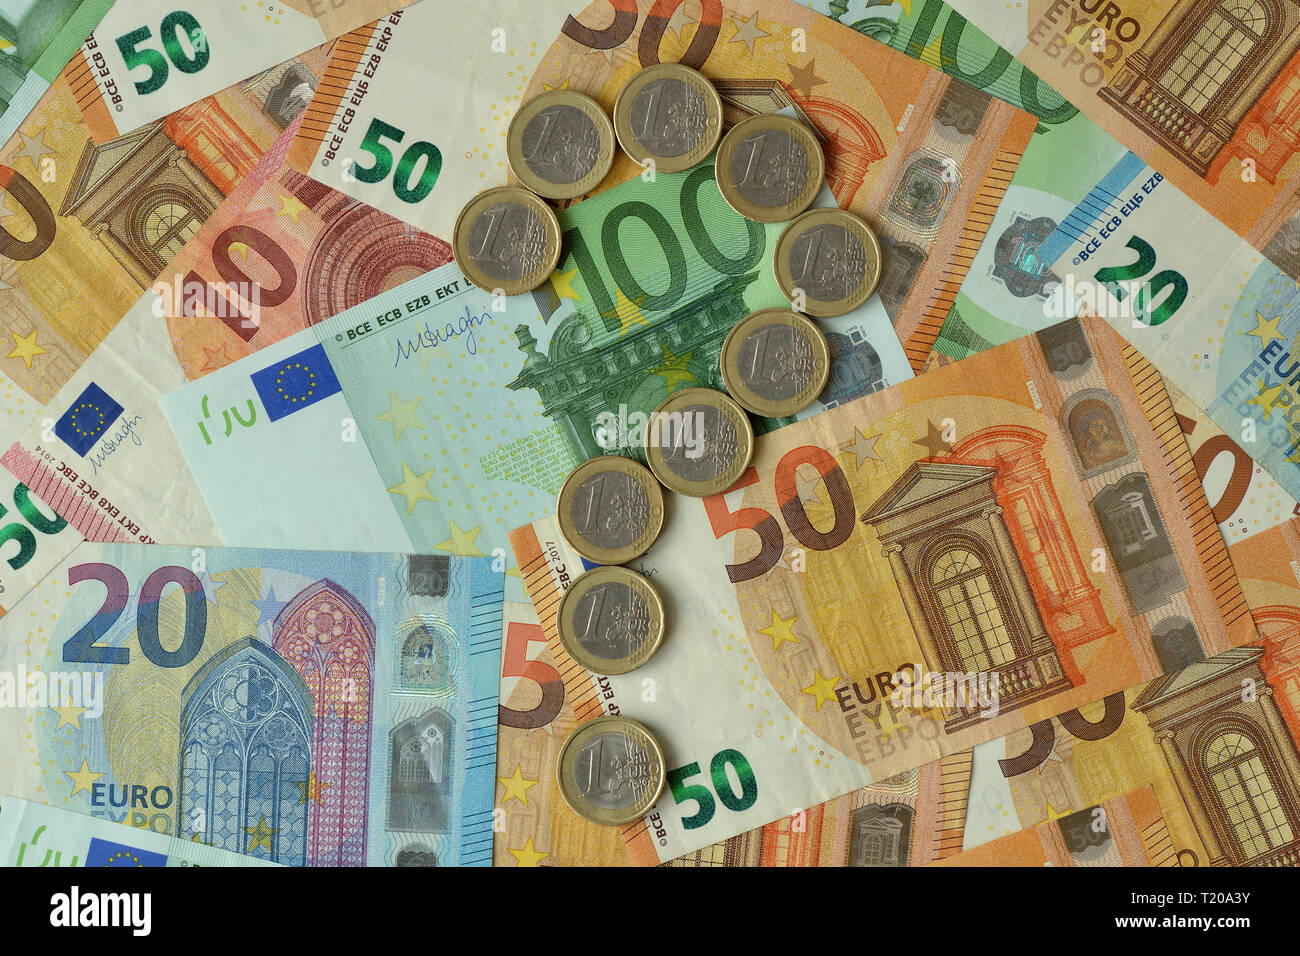 Question mark made of euro coins on euro banknotes background - Concept of financial uncertainty, crisis and uncertain future of euro Stock Photo
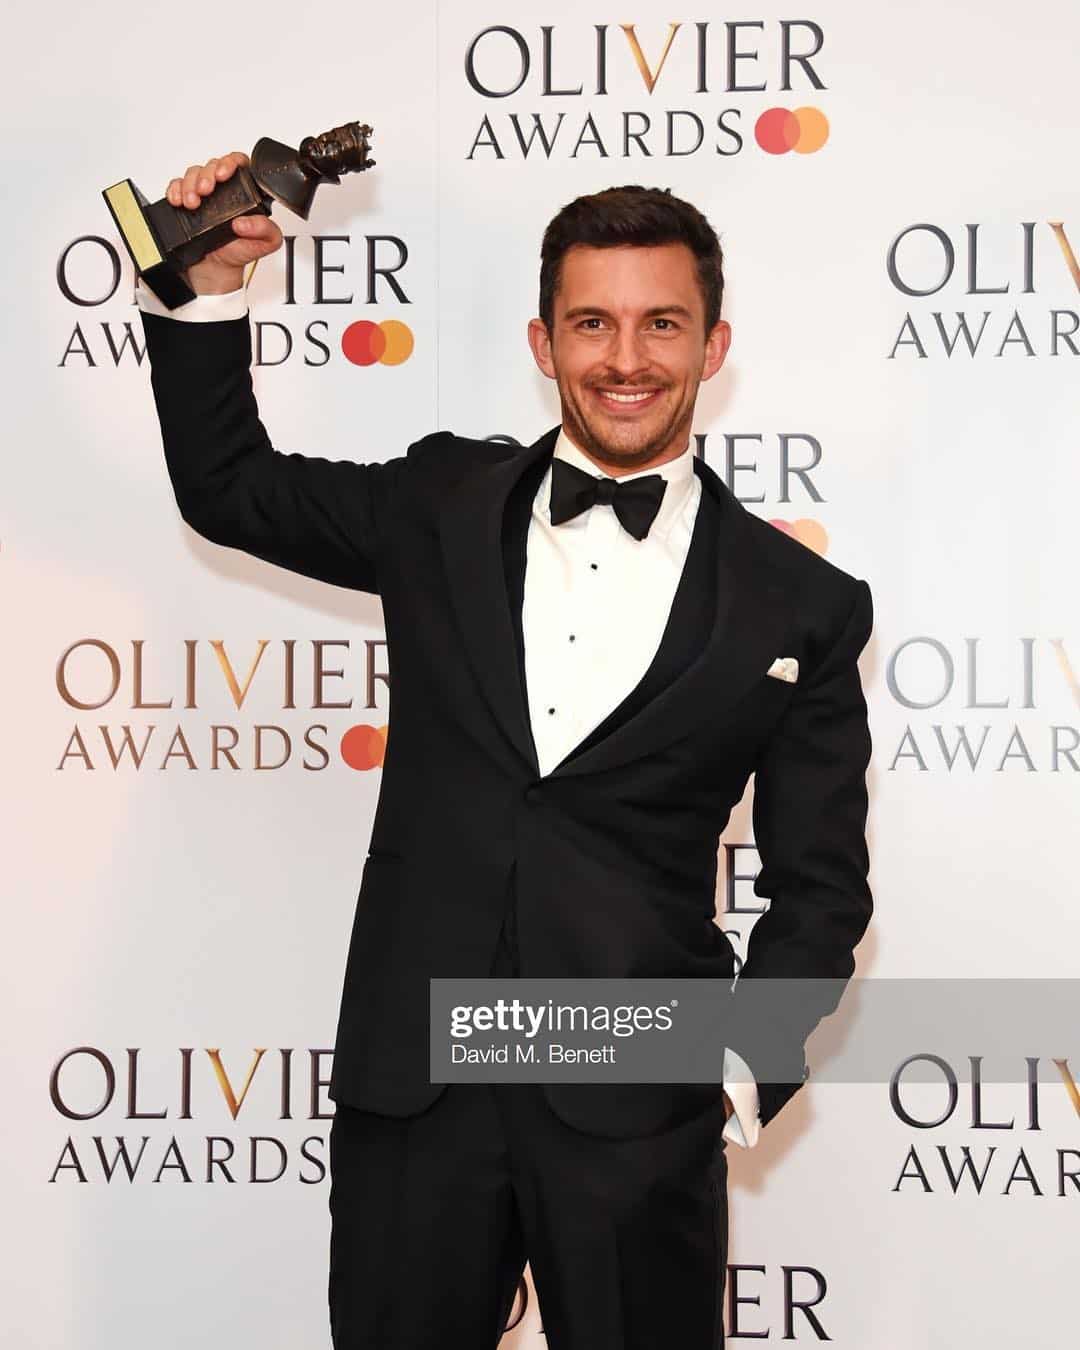 From last night’s #OlivierAwards: Huge congratulations to Jonathan Bailey @jbayleaf who won the Olivier for ‘Best Supporting Actor in a Musical’ for his role in @companywestend.
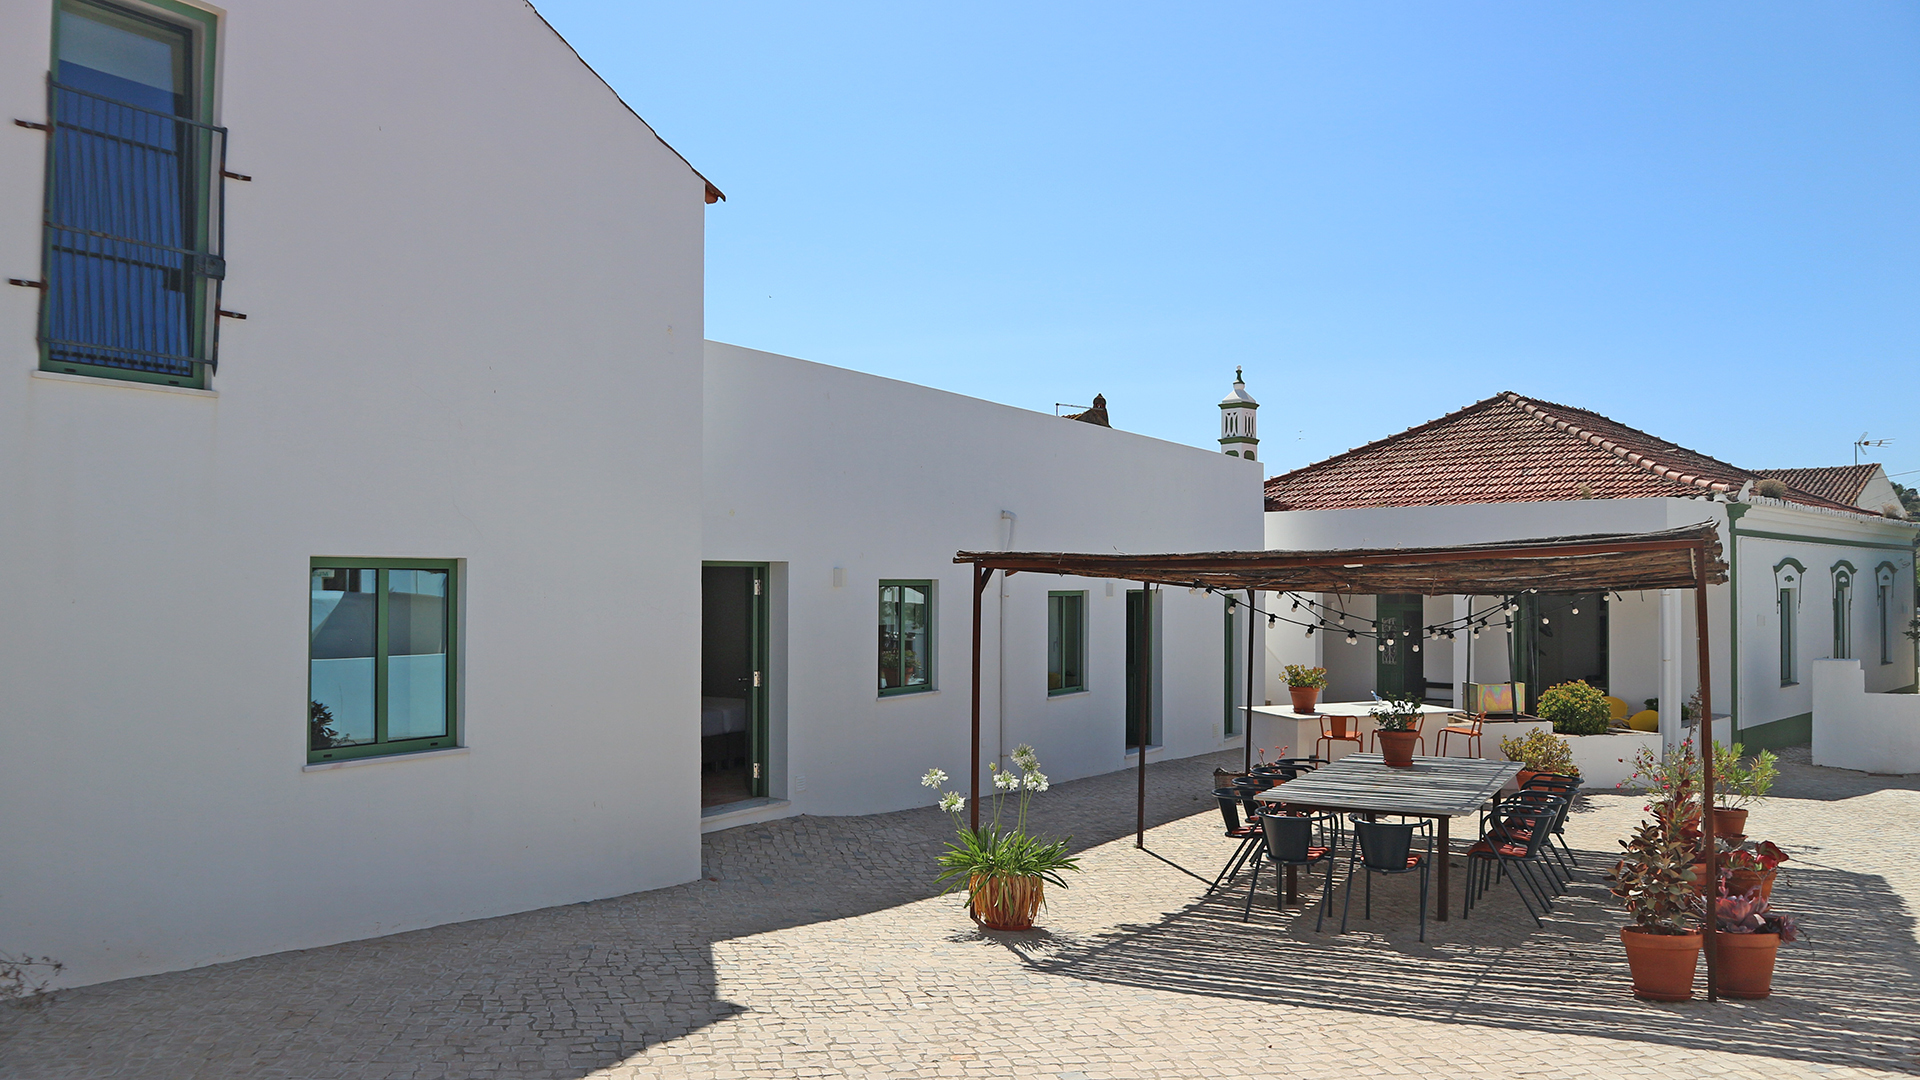 6 bedroom guesthouse complex in village near Silves  | LG2133

ASSIGNMENT: Print the material above exactly as it appears, but not its pictures.

EXPECTED ANSWER:
 Question mark made of euro coins on euro banknotes background - Concept of financial uncertainty, crisis and uncertain future of euro Stock Photo
 From last night’s #OlivierAwards: Huge congratulations to Jonathan Bailey @jbayleaf who won the Olivier for ‘Best Supporting Actor in a Musical’ for his role in @companywestend.
 6 bedroom guesthouse complex in village near Silves  | LG2133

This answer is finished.